#### PROBLEM:
Copy out all the lines of the data precisely, omitting any pictures.

*** INPUT DATA ***

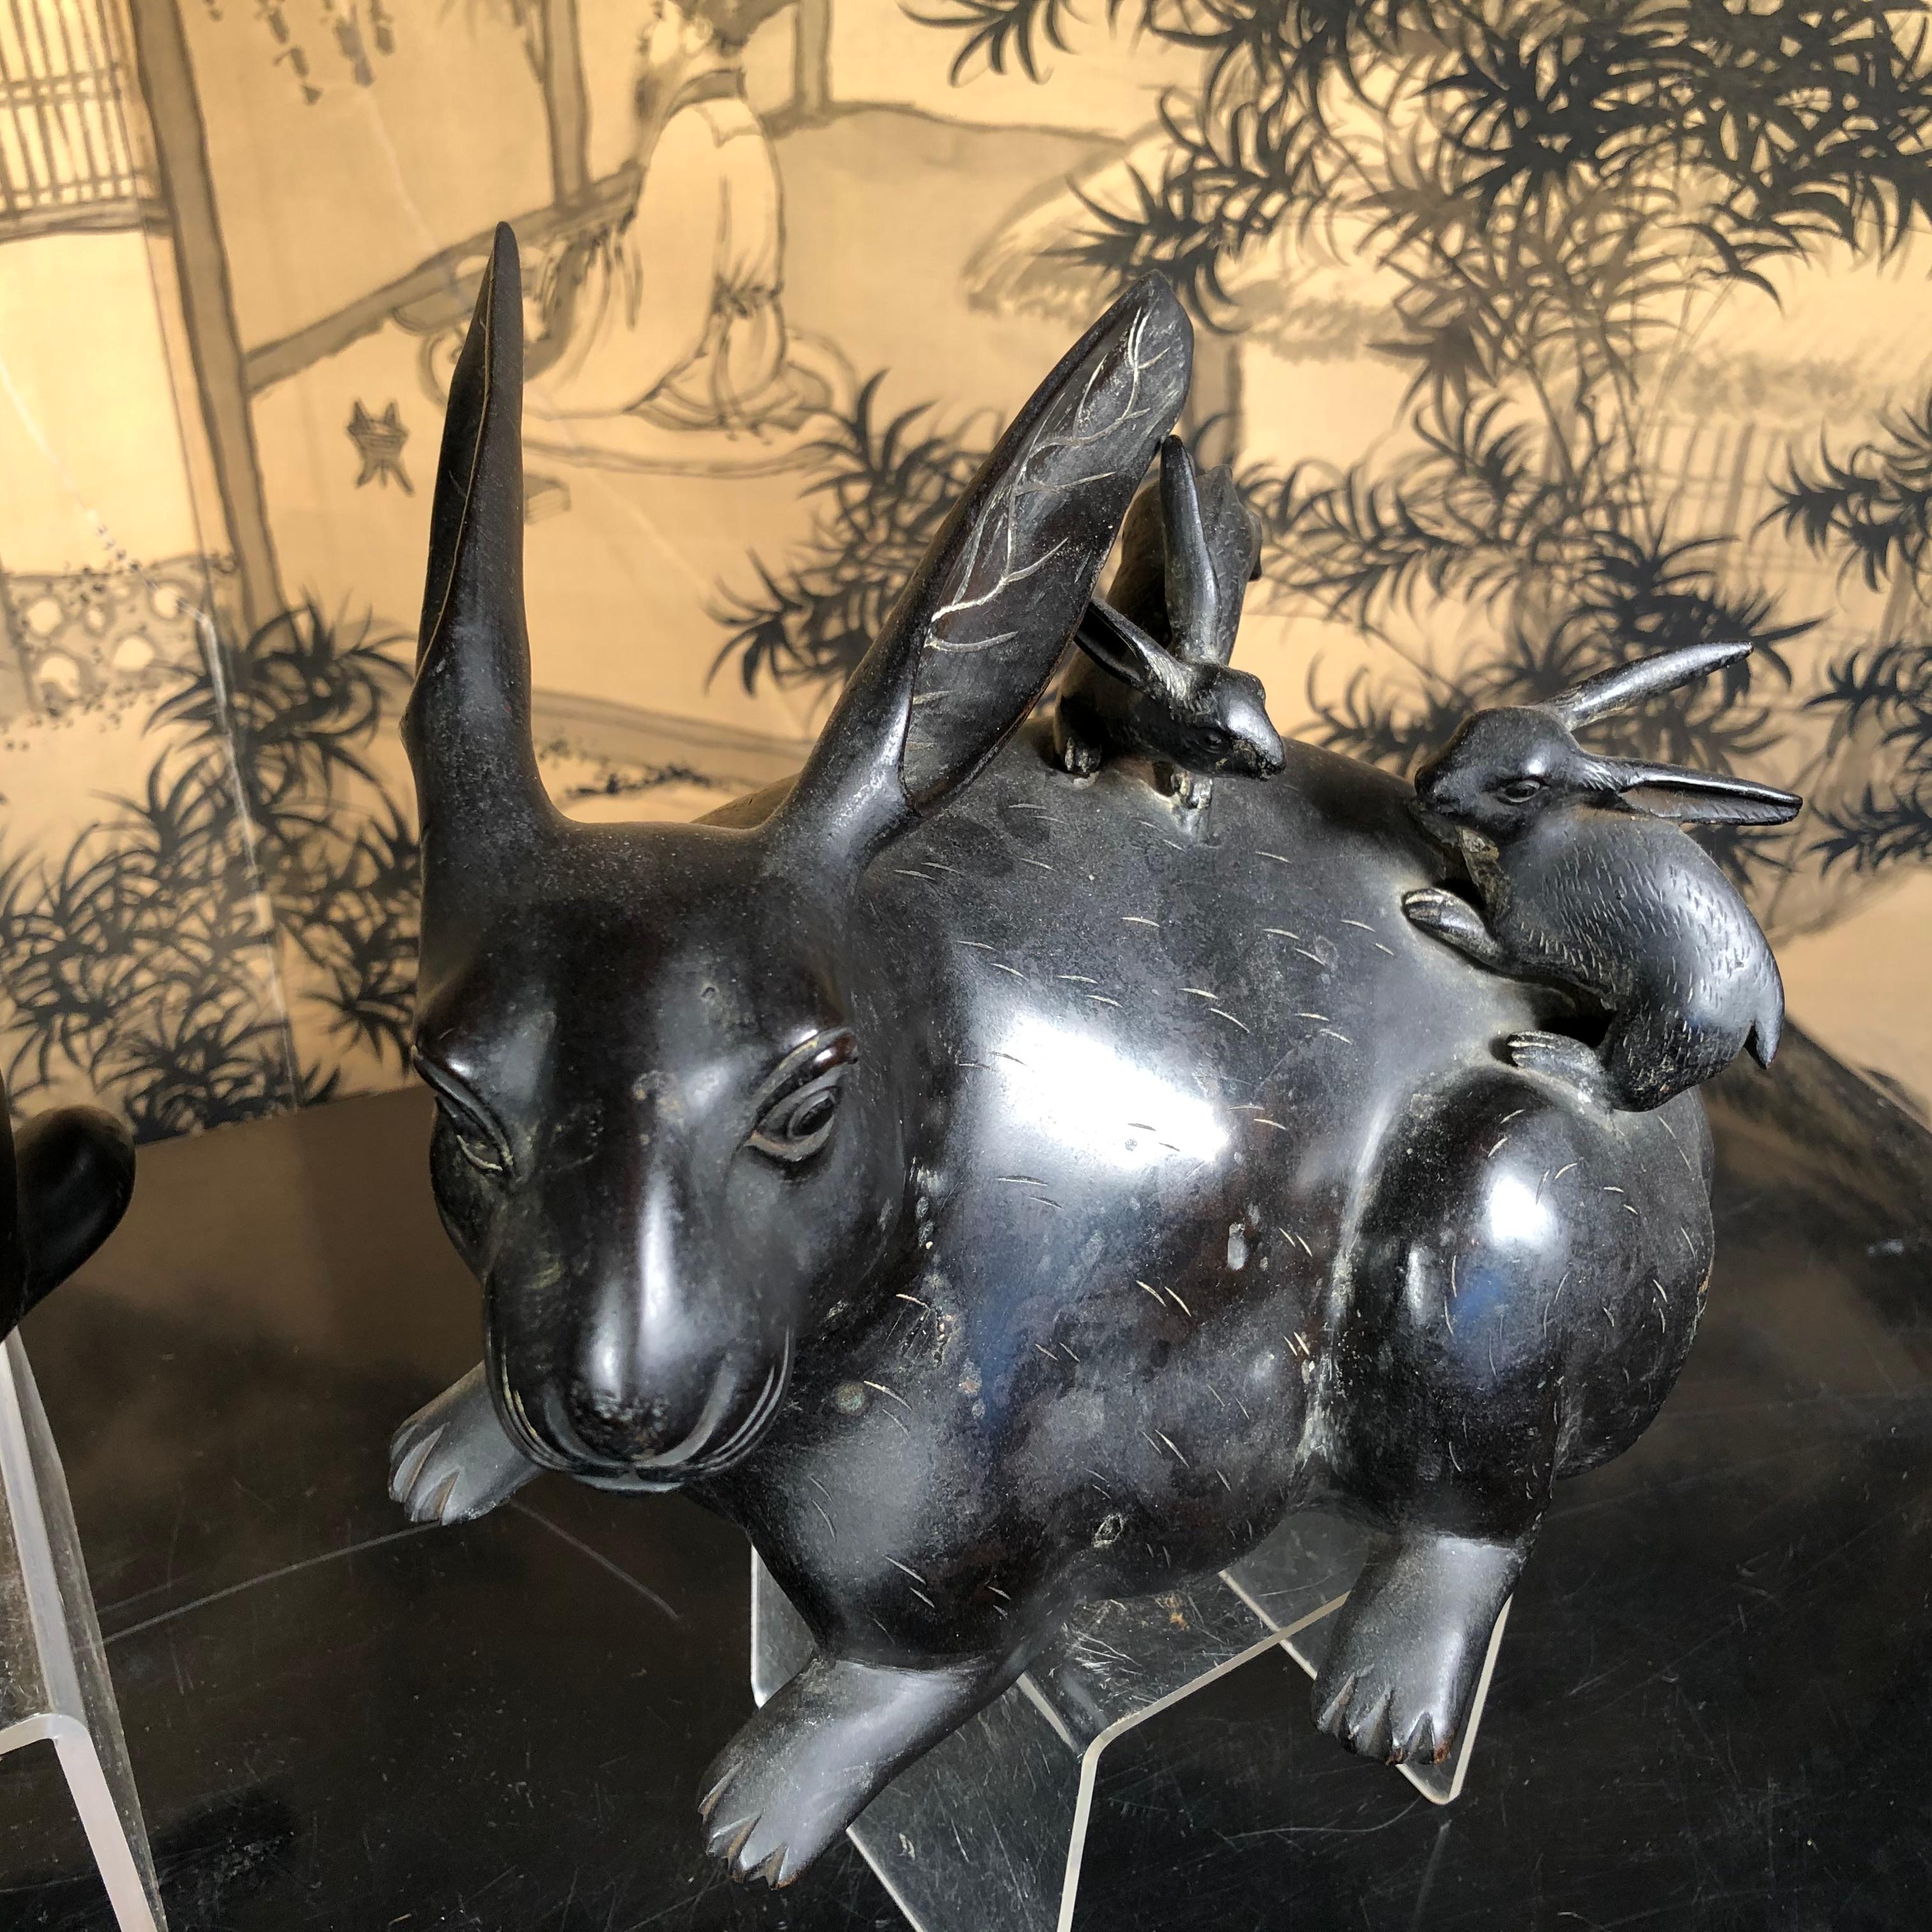 From our recent Japanese acquisition coming from an important Japanese collector of rabbit usagi sculptures

His finest and largest rabbits from Taisho period, 1920. 

This is a remarkable Japanese one-of-a-kind group in both large scale and finest
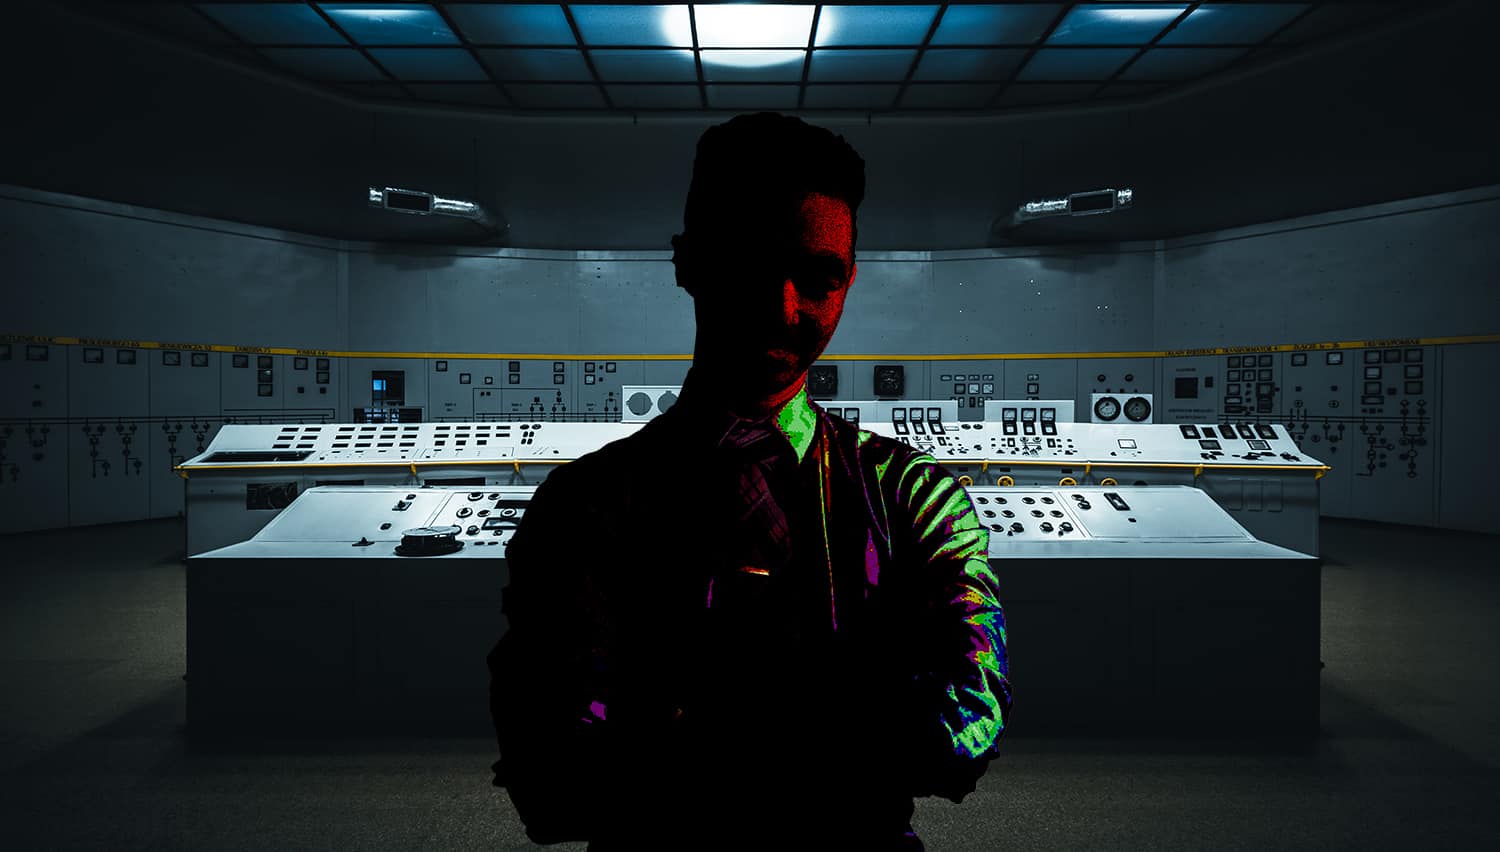 Image of a man covered in shadows inside of a control room

*** End of INPUT DATA ***

#### EXERCISE RESULT:
 From our recent Japanese acquisition coming from an important Japanese collector of rabbit usagi sculptures

His finest and largest rabbits from Taisho period, 1920. 

This is a remarkable Japanese one-of-a-kind group in both large scale and finest
 Image of a man covered in shadows inside of a control room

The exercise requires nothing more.